**TASK BRIEF**
Below, find the line containing "Drunken woman in a bar Stock Photo" and the line containing "Hive Design &"; reproduce exactly those two and every line between them, omitting pictures.
[[ INFORMATION GIVEN open ]]
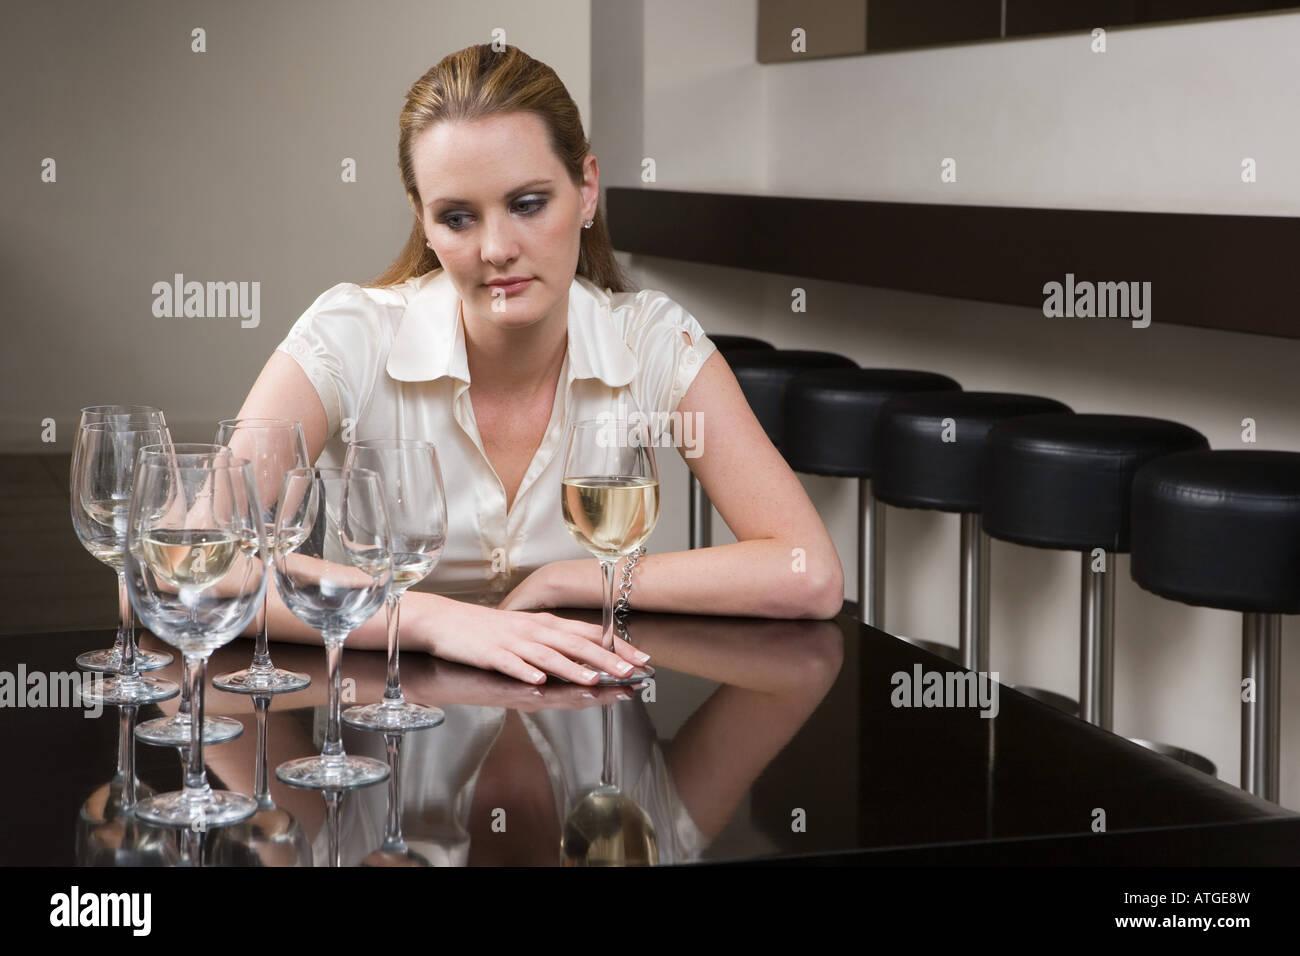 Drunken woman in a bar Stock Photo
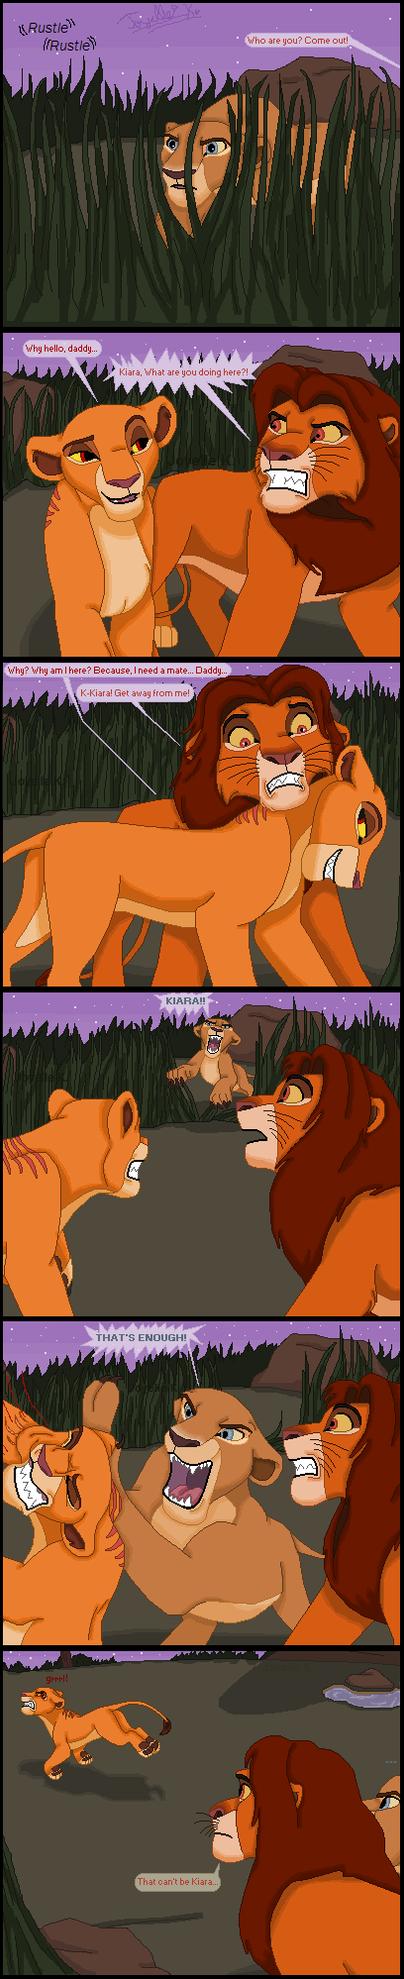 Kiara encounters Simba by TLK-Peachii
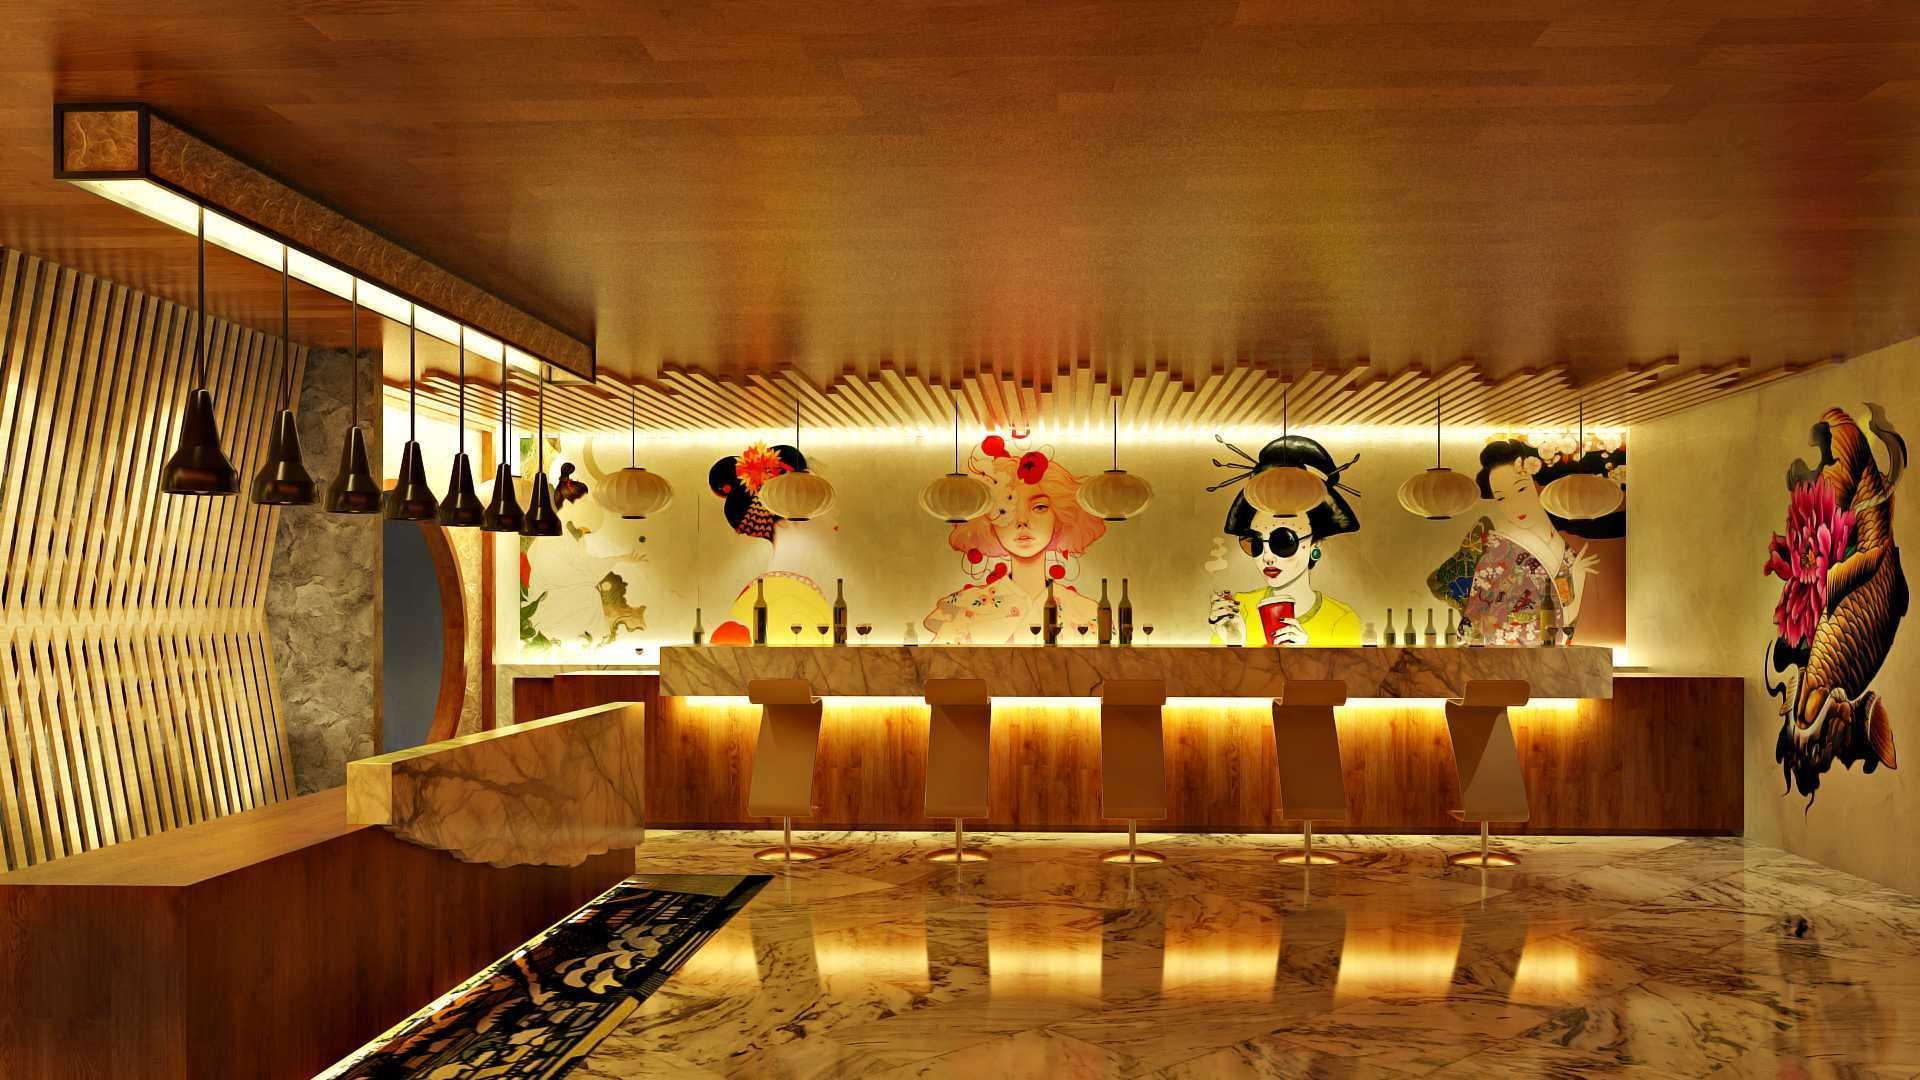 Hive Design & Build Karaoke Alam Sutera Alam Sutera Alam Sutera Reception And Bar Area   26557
[[ INFORMATION GIVEN closed ]]
[[ INFORMATION GIVEN open ]]
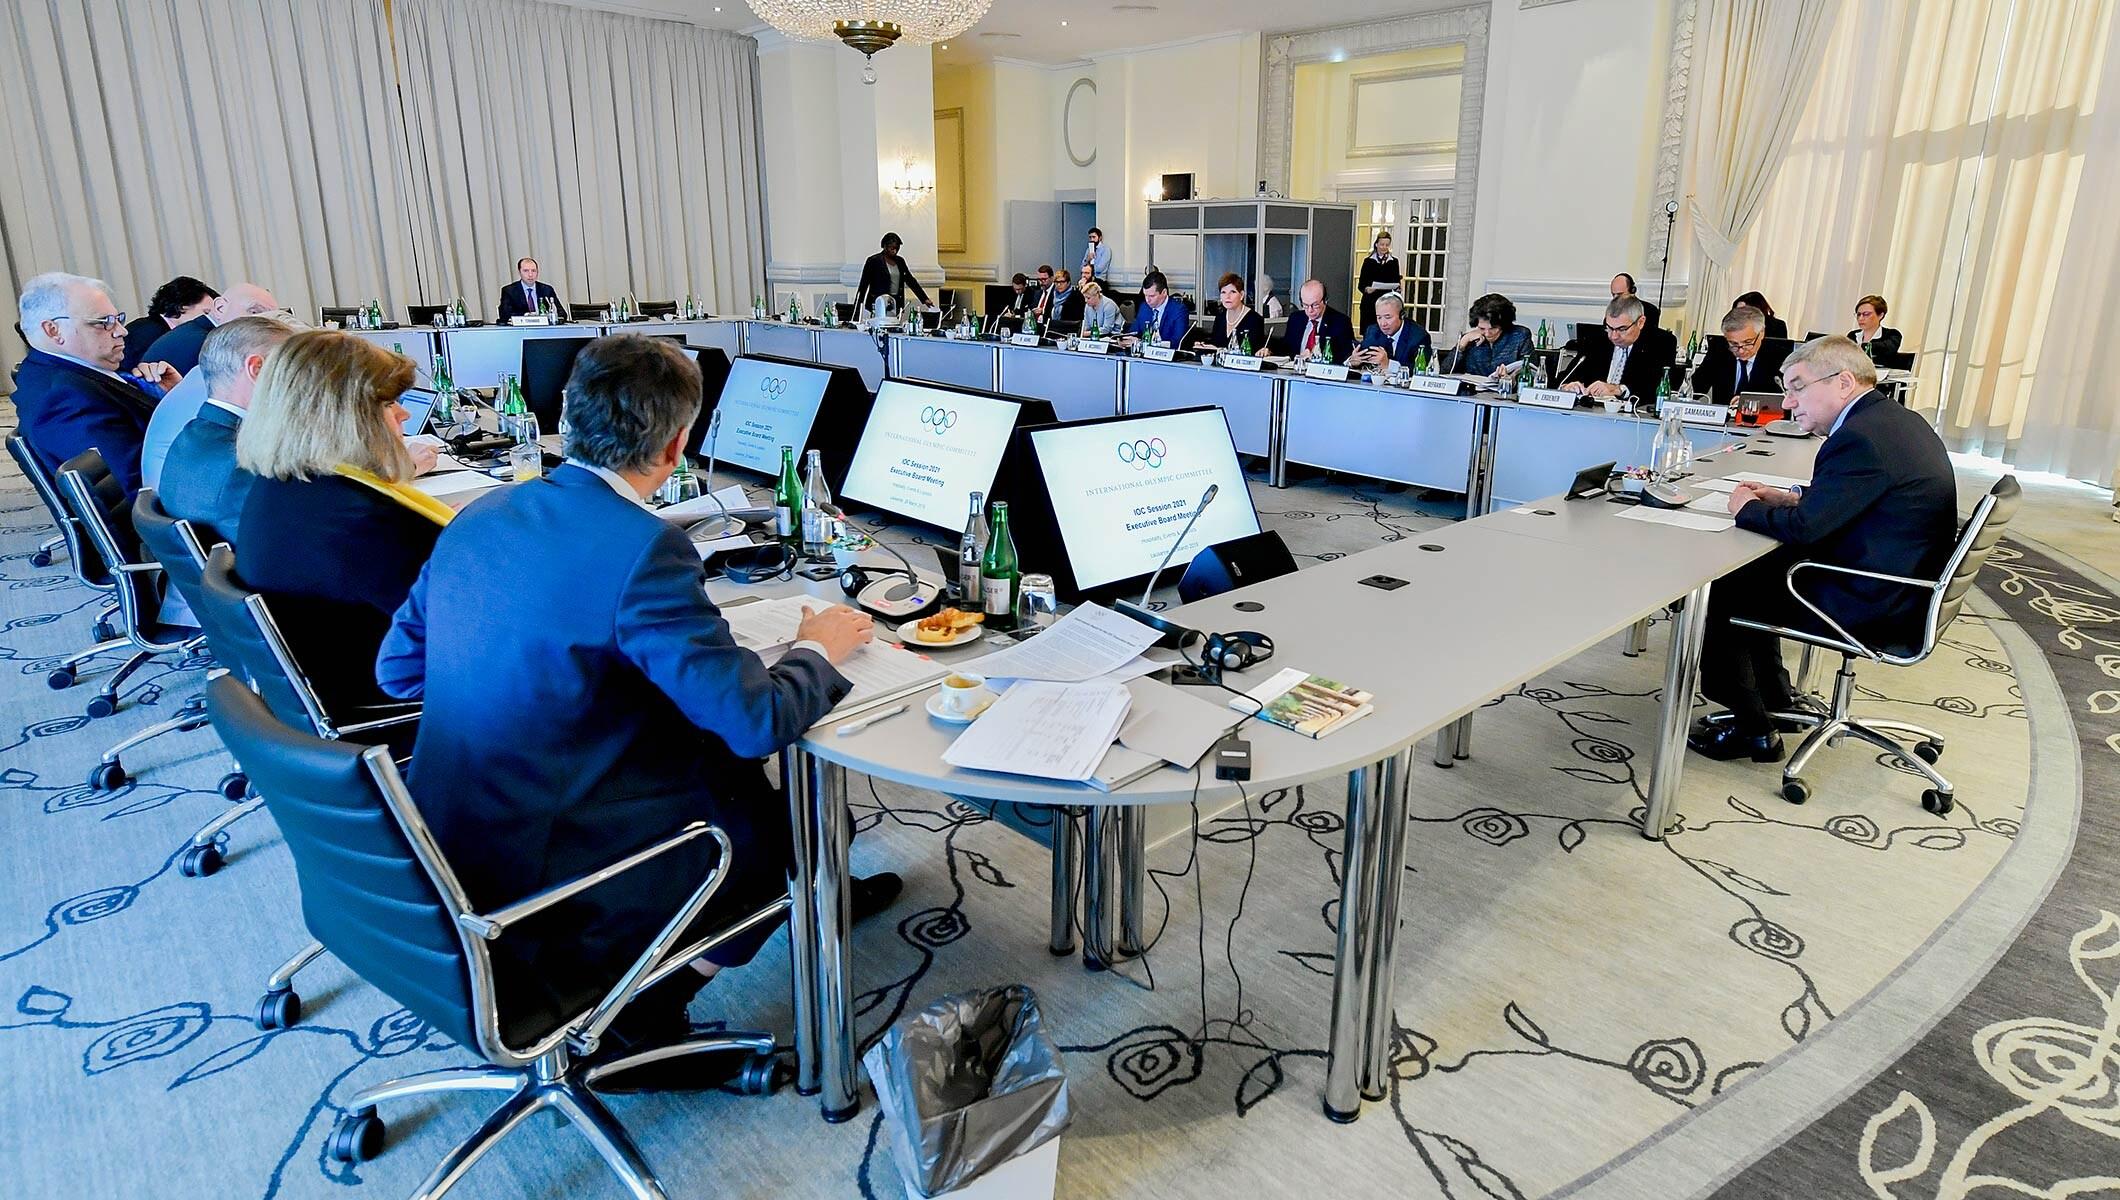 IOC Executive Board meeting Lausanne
[[ INFORMATION GIVEN closed ]]
[[ INFORMATION GIVEN open ]]
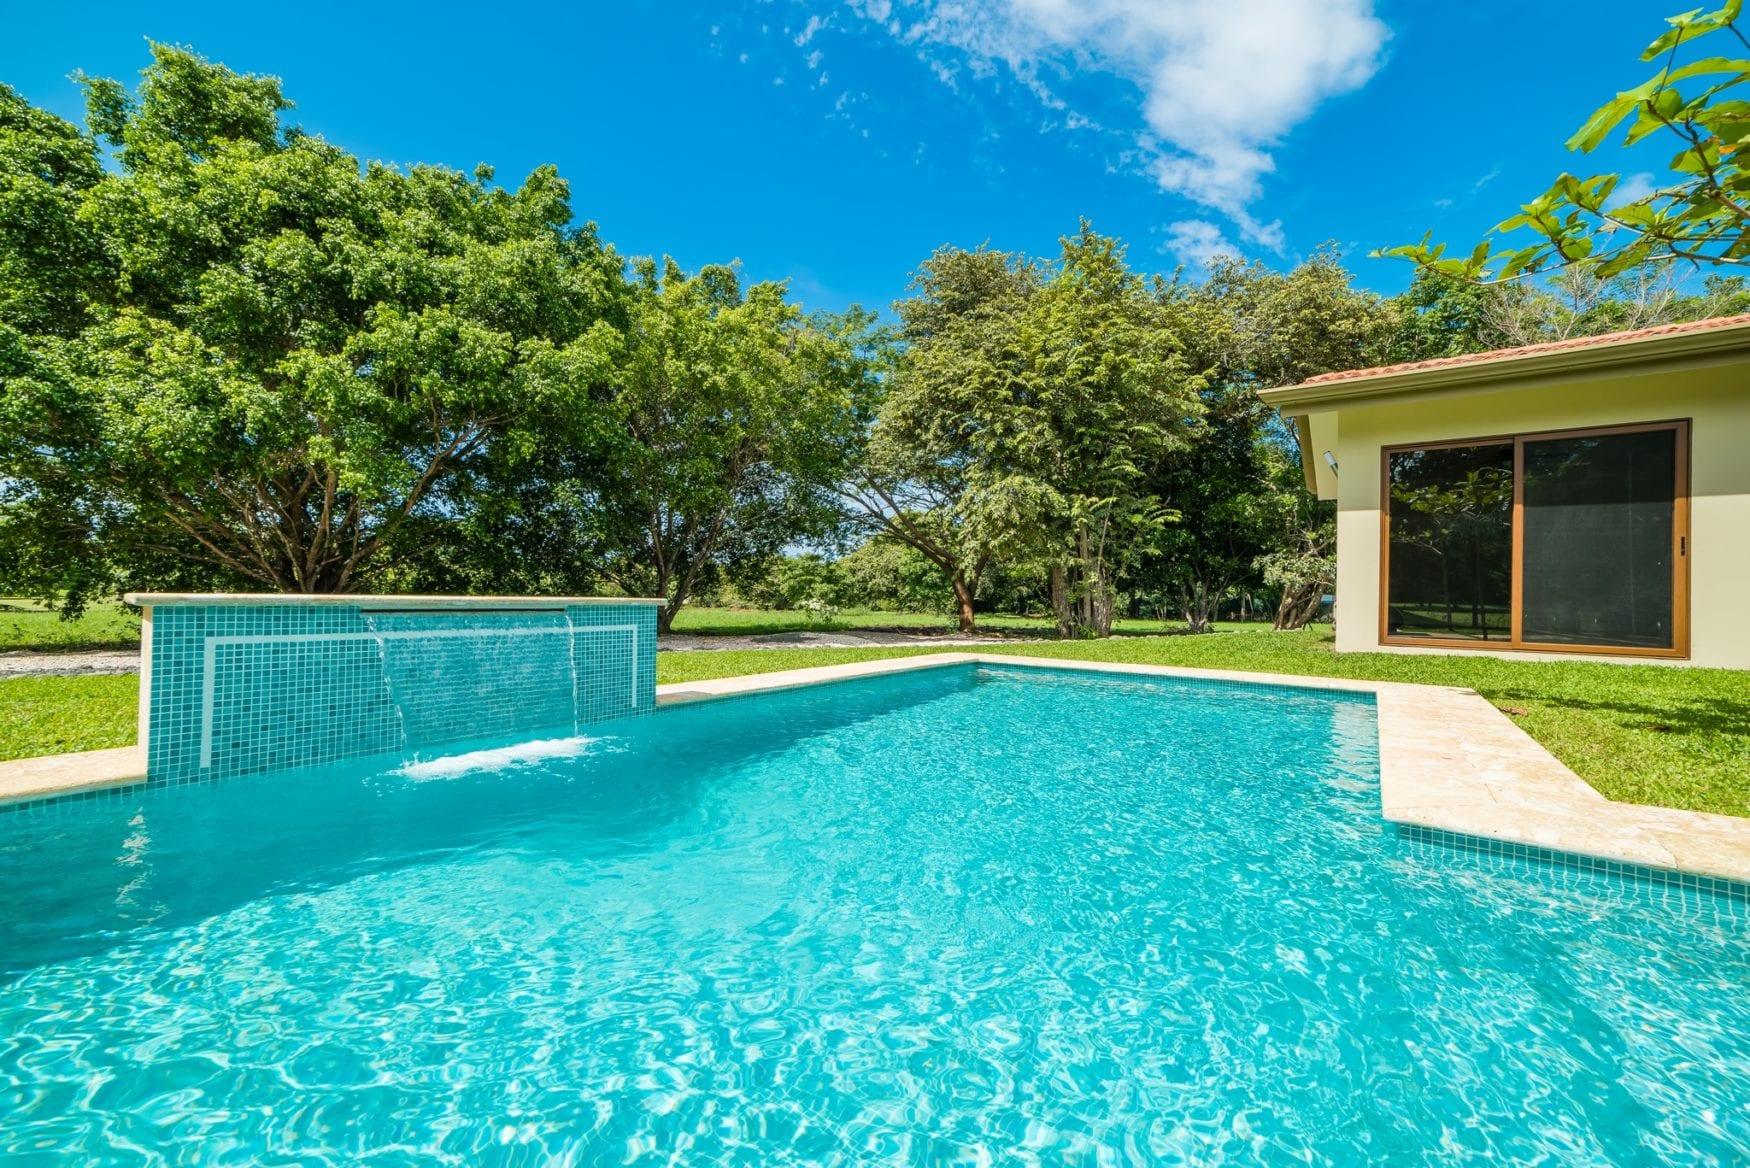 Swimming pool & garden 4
[[ INFORMATION GIVEN closed ]]
**EXERCISE SOLUTION**
 Drunken woman in a bar Stock Photo
 Kiara encounters Simba by TLK-Peachii
 Hive Design & Build Karaoke Alam Sutera Alam Sutera Alam Sutera Reception And Bar Area   26557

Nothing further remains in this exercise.